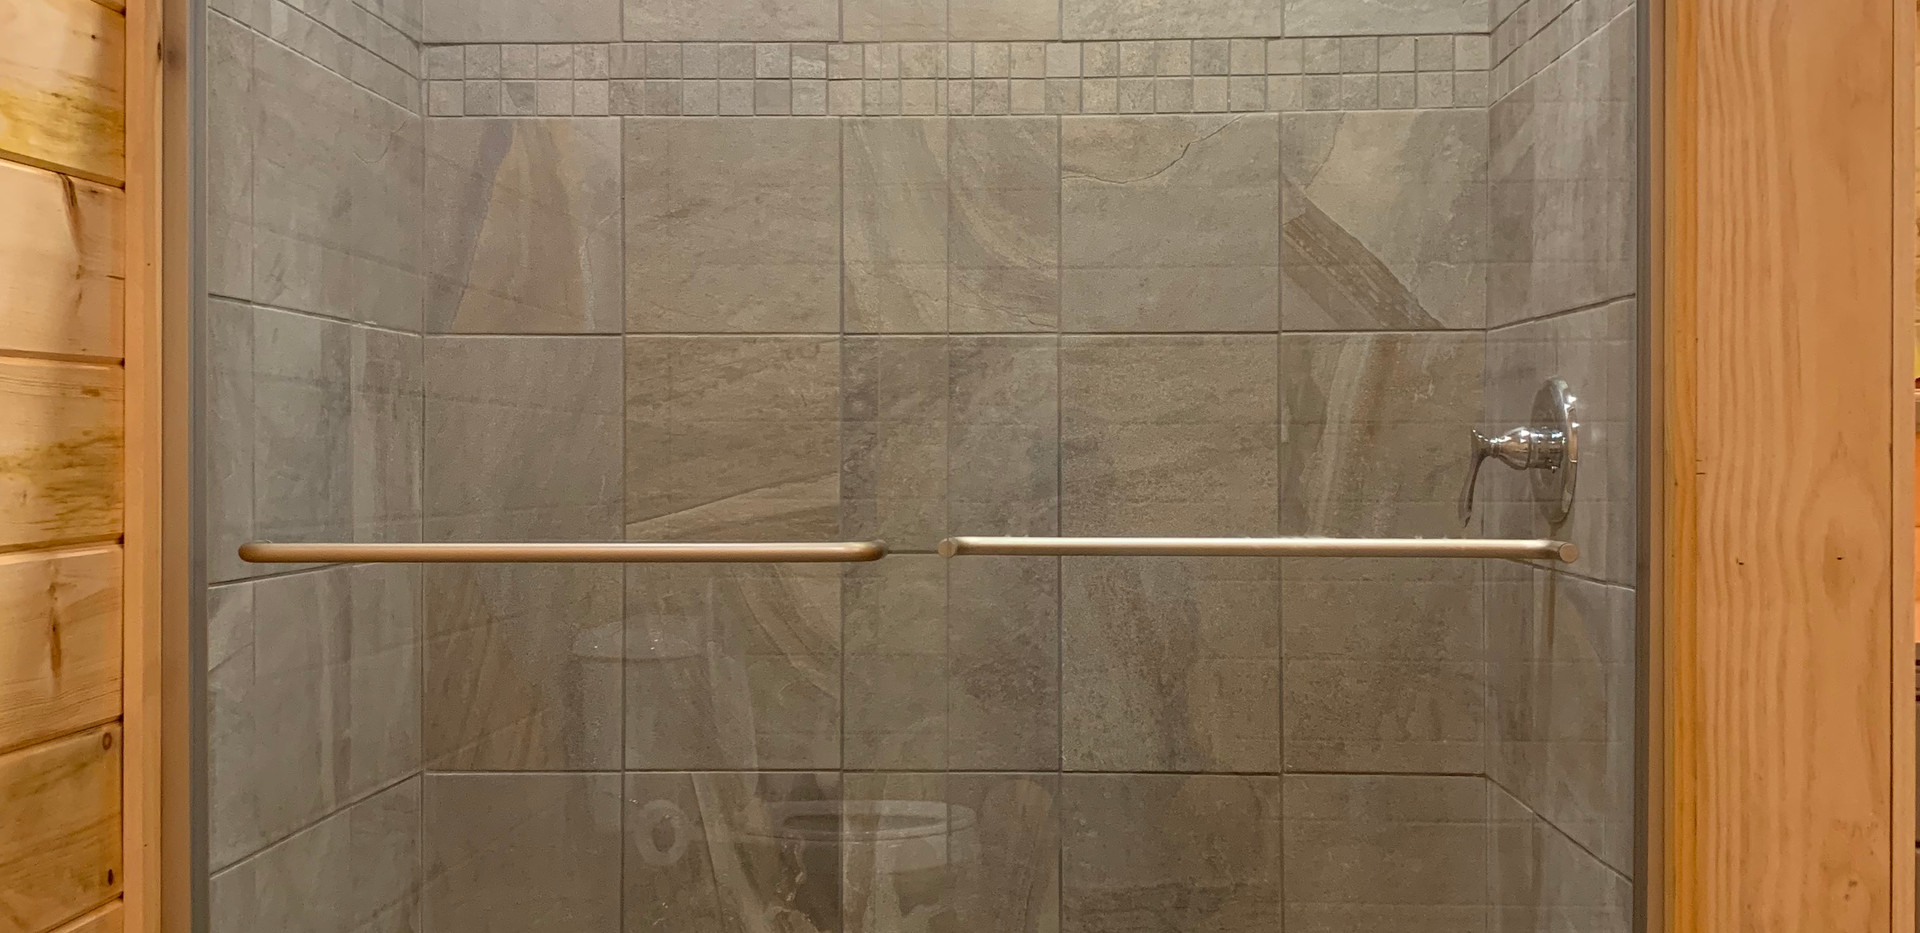 Rainfall Shower in Basement Master Bathroom
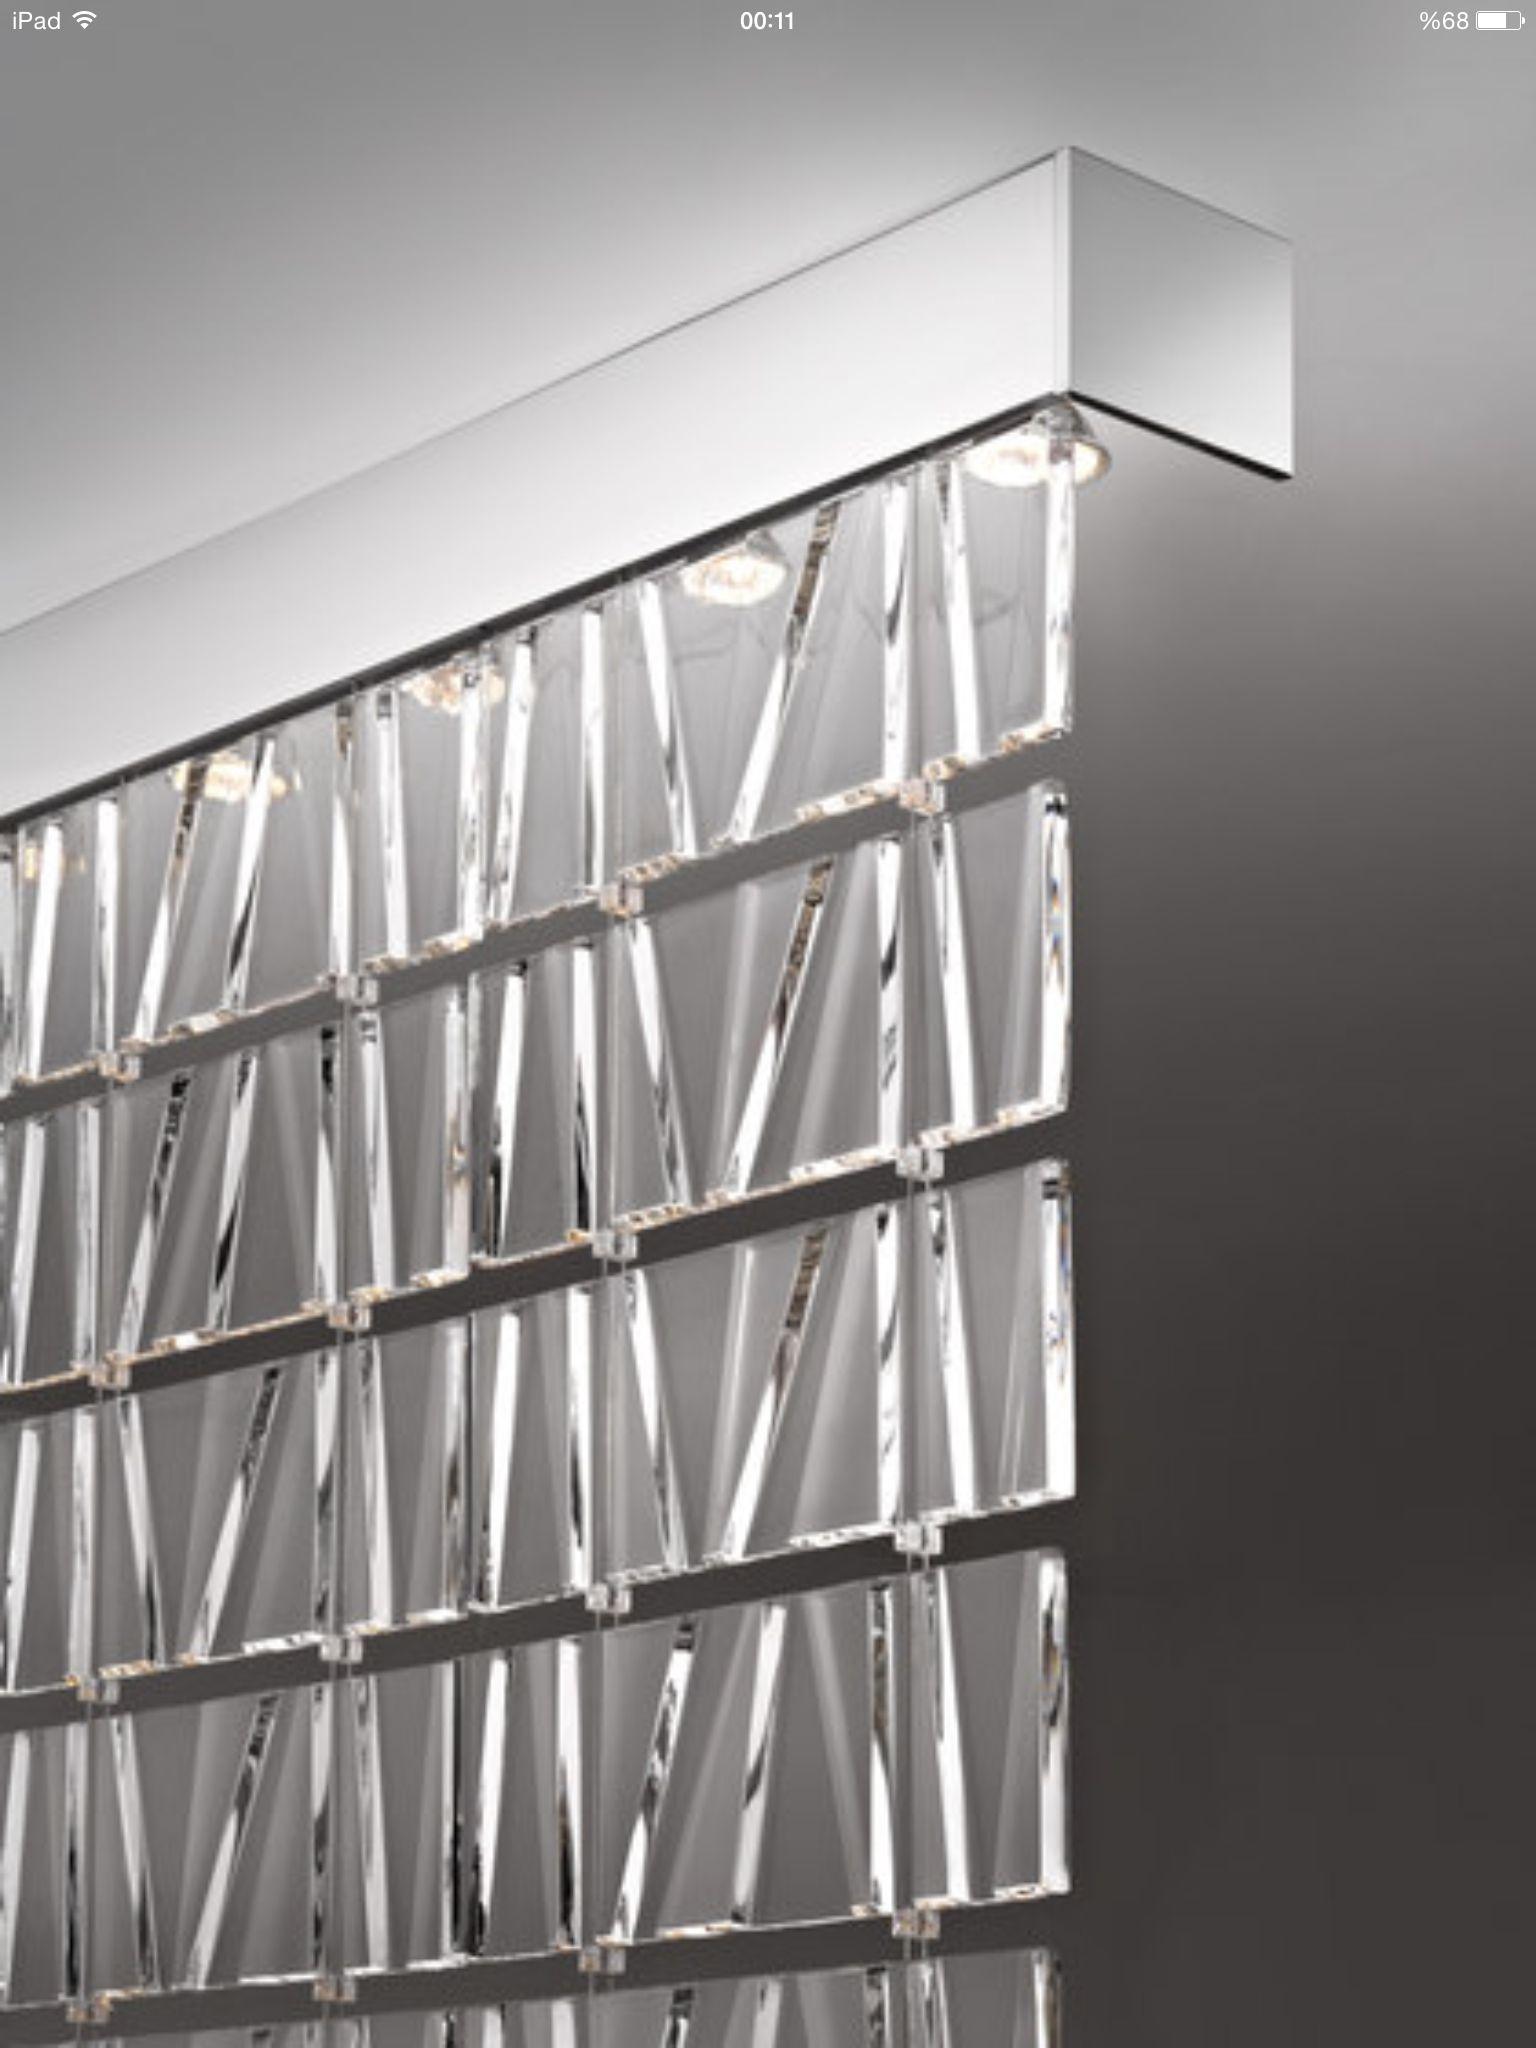 Fabbian illuminazione spa | Lighting Elements | Wall lights, Tiles ...
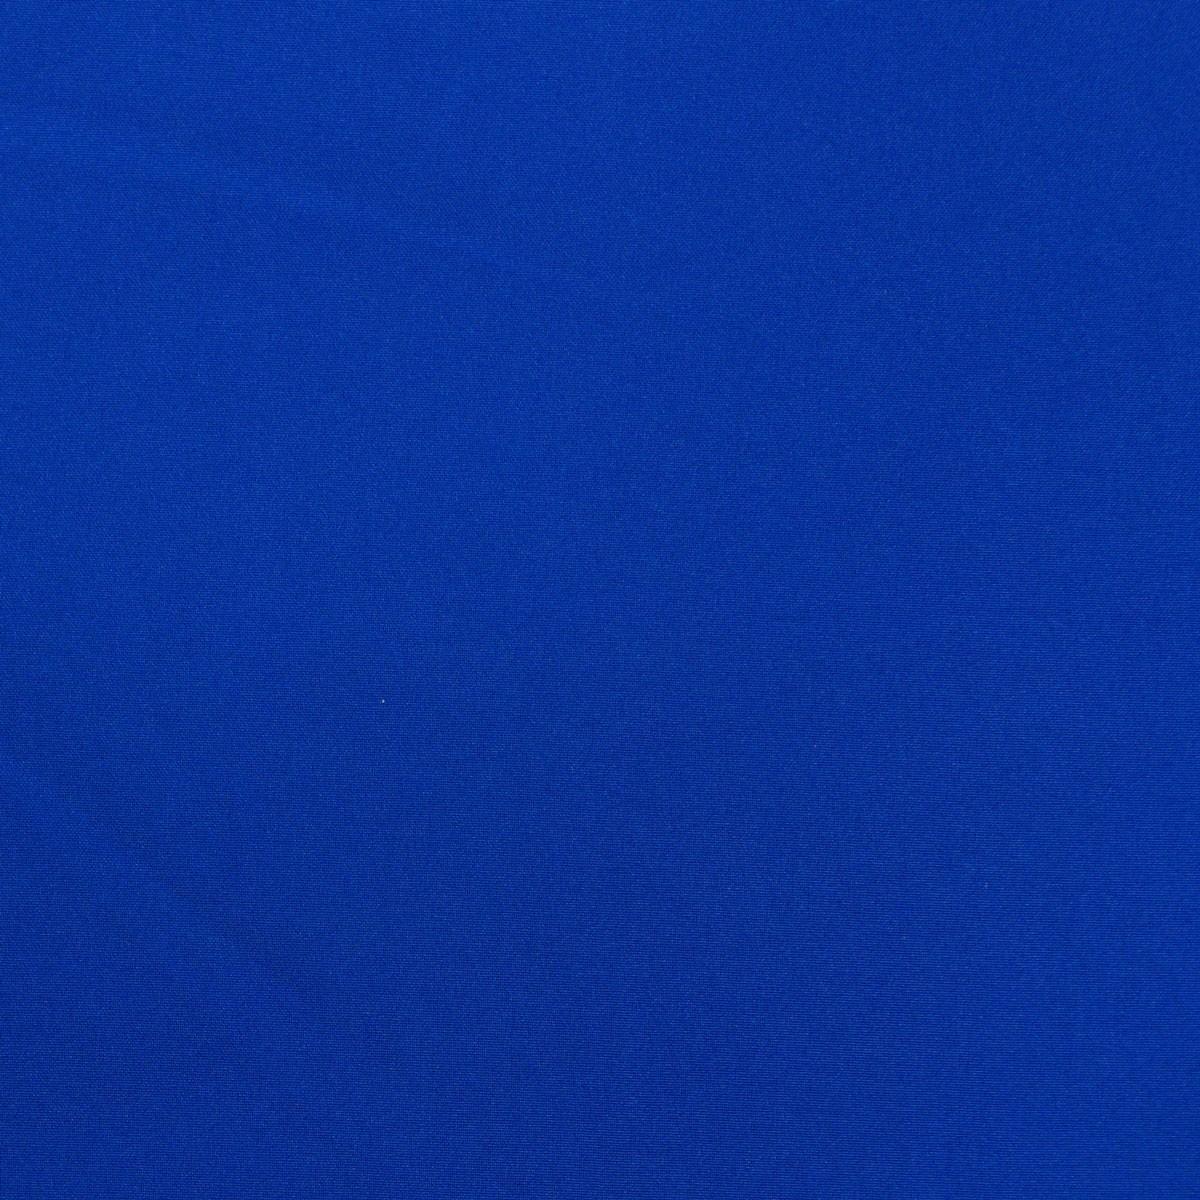 Kreativstoff Universalstoff Polyester Stretch königsblau blau

- [Work instructions] The pictures are to be omitted, and the rest of the listing is to be transcribed exactly.

- [Response to this exercise]
 Rainfall Shower in Basement Master Bathroom
 Fabbian illuminazione spa | Lighting Elements | Wall lights, Tiles ...
 Kreativstoff Universalstoff Polyester Stretch königsblau blau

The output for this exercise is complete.